Hi Matt,
... The Gamez paper situation is now...erm...resolved. You are right:
the paper doesn't argue that solving consciousness is necessary for AGI.
What has happened recently is a subtle shift - those involved simple
fail to make claims about the consciousness or otherwise of the
machines! This does not entail that they are not actually working on it.
They are just being cautious...Also, you correctly observe that solving
AGI on a purely computational basis is not prohibited by the workers
involved in the GAMEZ paper.. indeed most of their work assumes it!... I
don't have a problem with this...However...'attributing' consciousness
to it based on its behavior is probably about as unscientific as it
gets. That outcome betrays no understanding whatever of consciousness,
its mechanism or its role....and merely assumes COMP is true and creates
an agreement based on ignorance. This is fatally flawed non-science.
[BTW: We need an objective test (I have one - I am waiting for it to get
published...). I'm going to try and see where it's at in that process.

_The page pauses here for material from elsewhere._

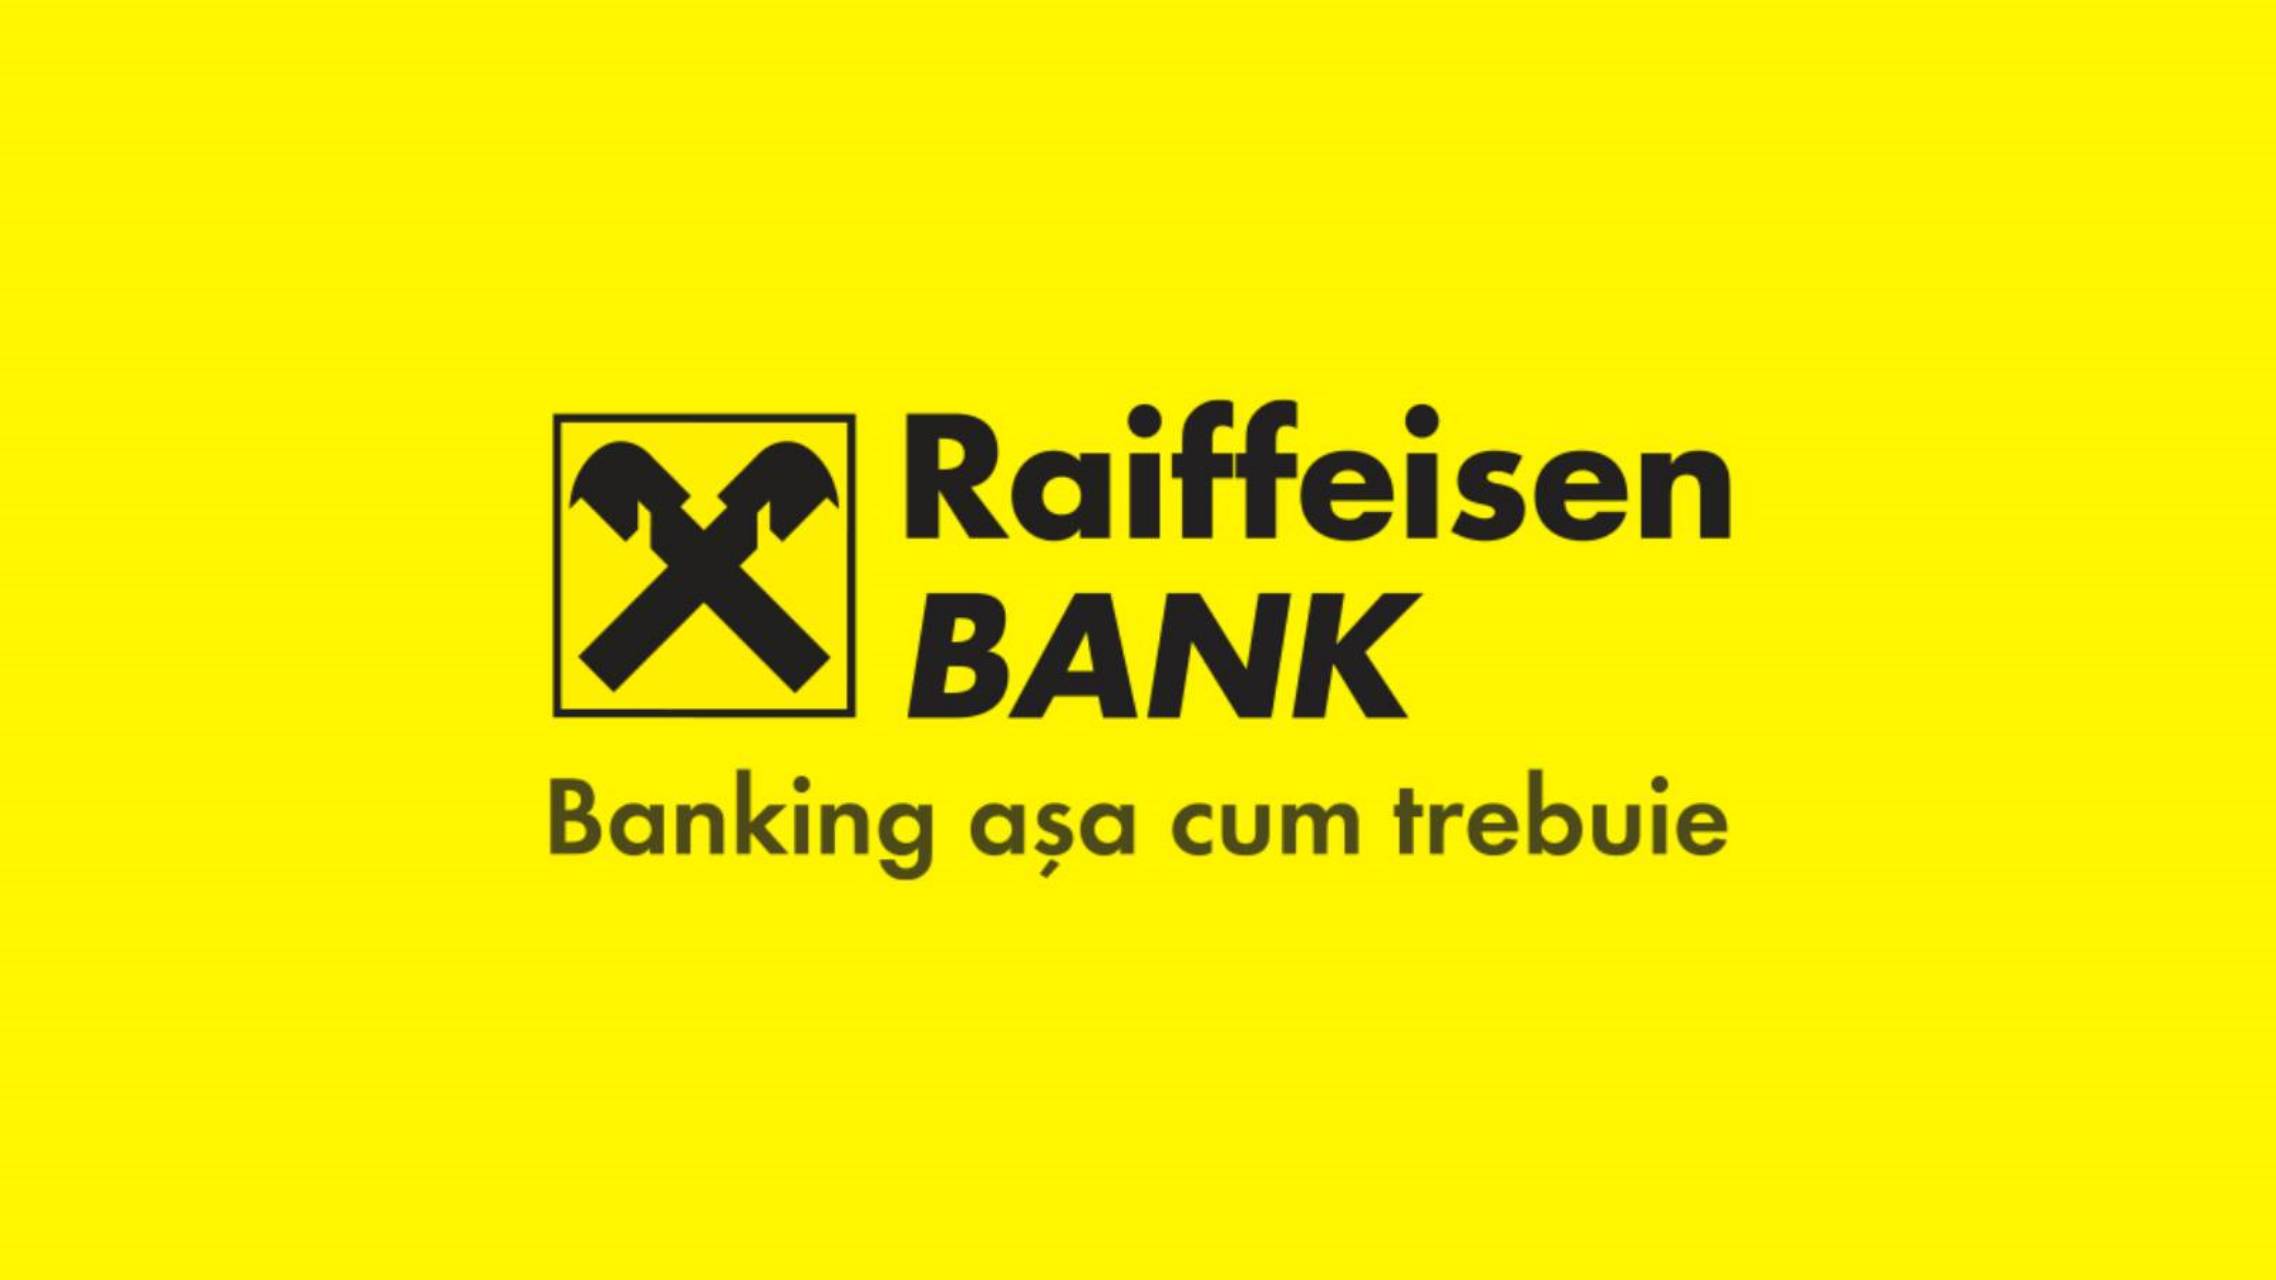 El banco Raiffeisen se separa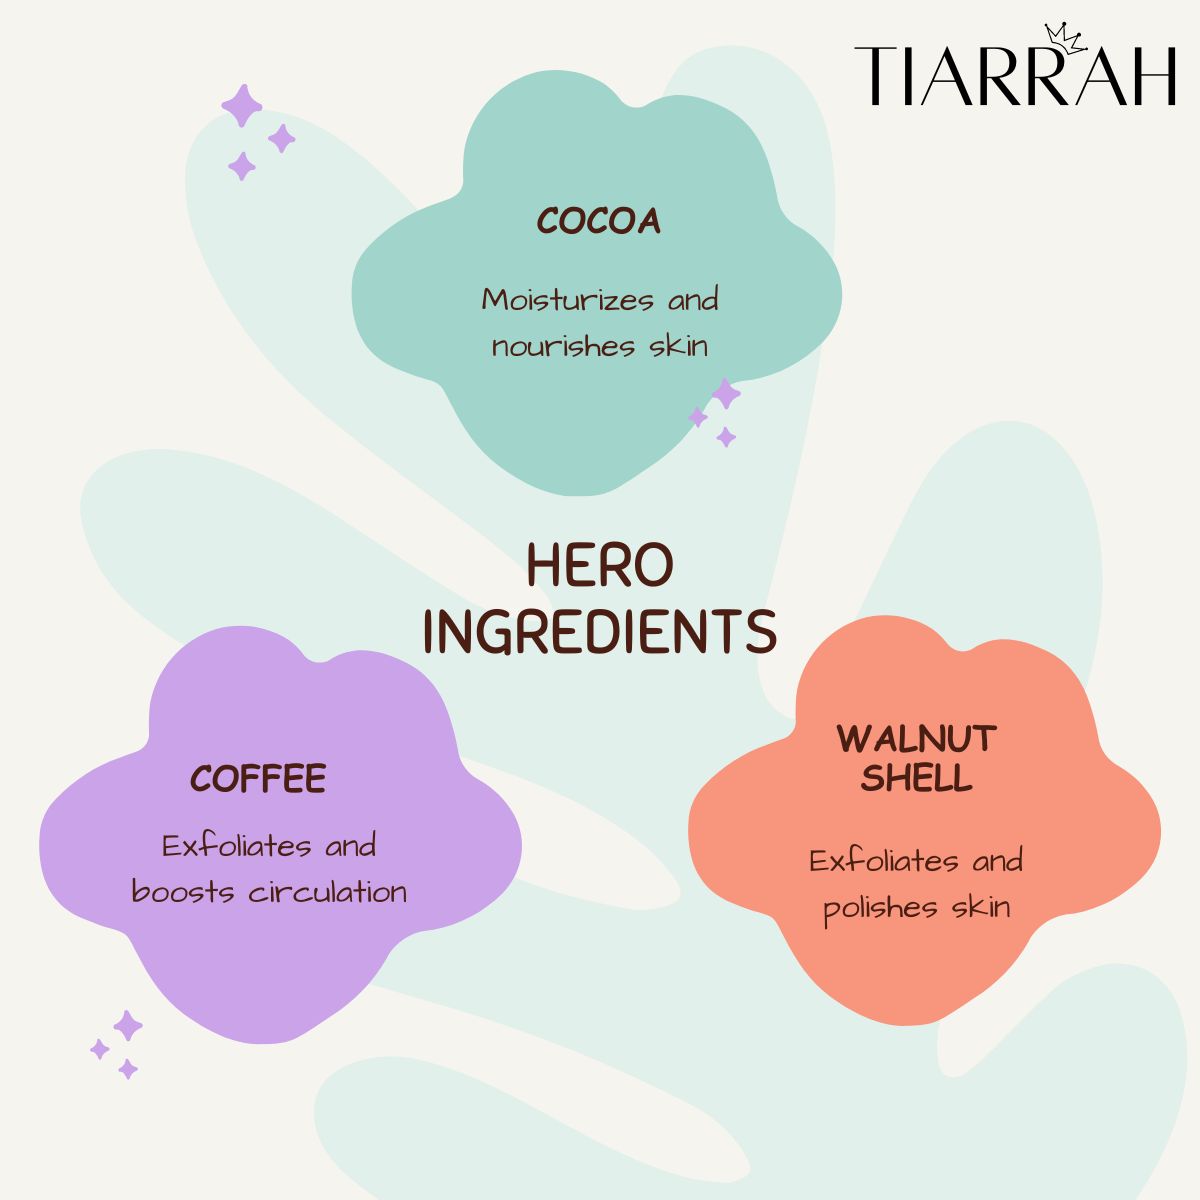 Tiarrah's Chocolate Face Scrub: Natural & Non-Toxic - The Luxury Bath and Body Care Shop

If my test is acceptable then I predict all COMP entrants will fail, but
I'll accept whatever happens... - and external behaviour is decisive.
Bear with me a while till I get it sorted.]
I am still getting to know the folks [EMAIL PROTECTED] And the group may be
diverse, as you say ... but if they are all COMP, then that diversity is
like a group dedicated to an unresolved argument over the colour of a
fish's bicycle. If we can attract the attention of the likes of those in
the GAMEZ paper... and others such as Hynna and Boahen at Stanford, who
have an unusual hardware neural architecture...(Hynna, K. M. and Boahen,
K. 'Thermodynamically equivalent silicon models of voltage-dependent ion
channels', /Neural Computation/ vol. 19, no. 2, 2007. 327-350.)...and
others ... then things will be diverse and authoritative. In particular,
those who have recently essentially squashed the computational theories
of mind from a neuroscience perspective- the 'integrative neuroscientists':
Poznanski, R. R., Biophysical neural networks : foundations of
integrative neuroscience, Mary Ann Liebert, Larchmont, NY, 2001, pp.
viii, 503 p.
Pomerantz, J. R., Topics in integrative neuroscience : from cells to
cognition, Cambridge University Press, Cambridge, UK ; New York, 2008,
pp. xix, 427 p.
Gordon, E., Ed. (2000). Integrative neuroscience : bringing together
biological, psychological and clinical models of the human brain.
Amsterdam, Harwood Academic.
The only working, known model of general intelligence is the human. If
we base AGI on anything that fails to account scientifically and
completely for /all/ aspects of human cognition, including
consciousness, then we open ourselves to critical inferiority... and the
rest of science will simply find the group an irrelevant cultish
backwater. Strategically the group would do well to make choices that
attract the attention of the 'machine consciousness' crowd - they are
directly linked to neuroscience via cog sci. The crowd that runs with
JETAI (journal of theoretical and experimental artificial intelligence)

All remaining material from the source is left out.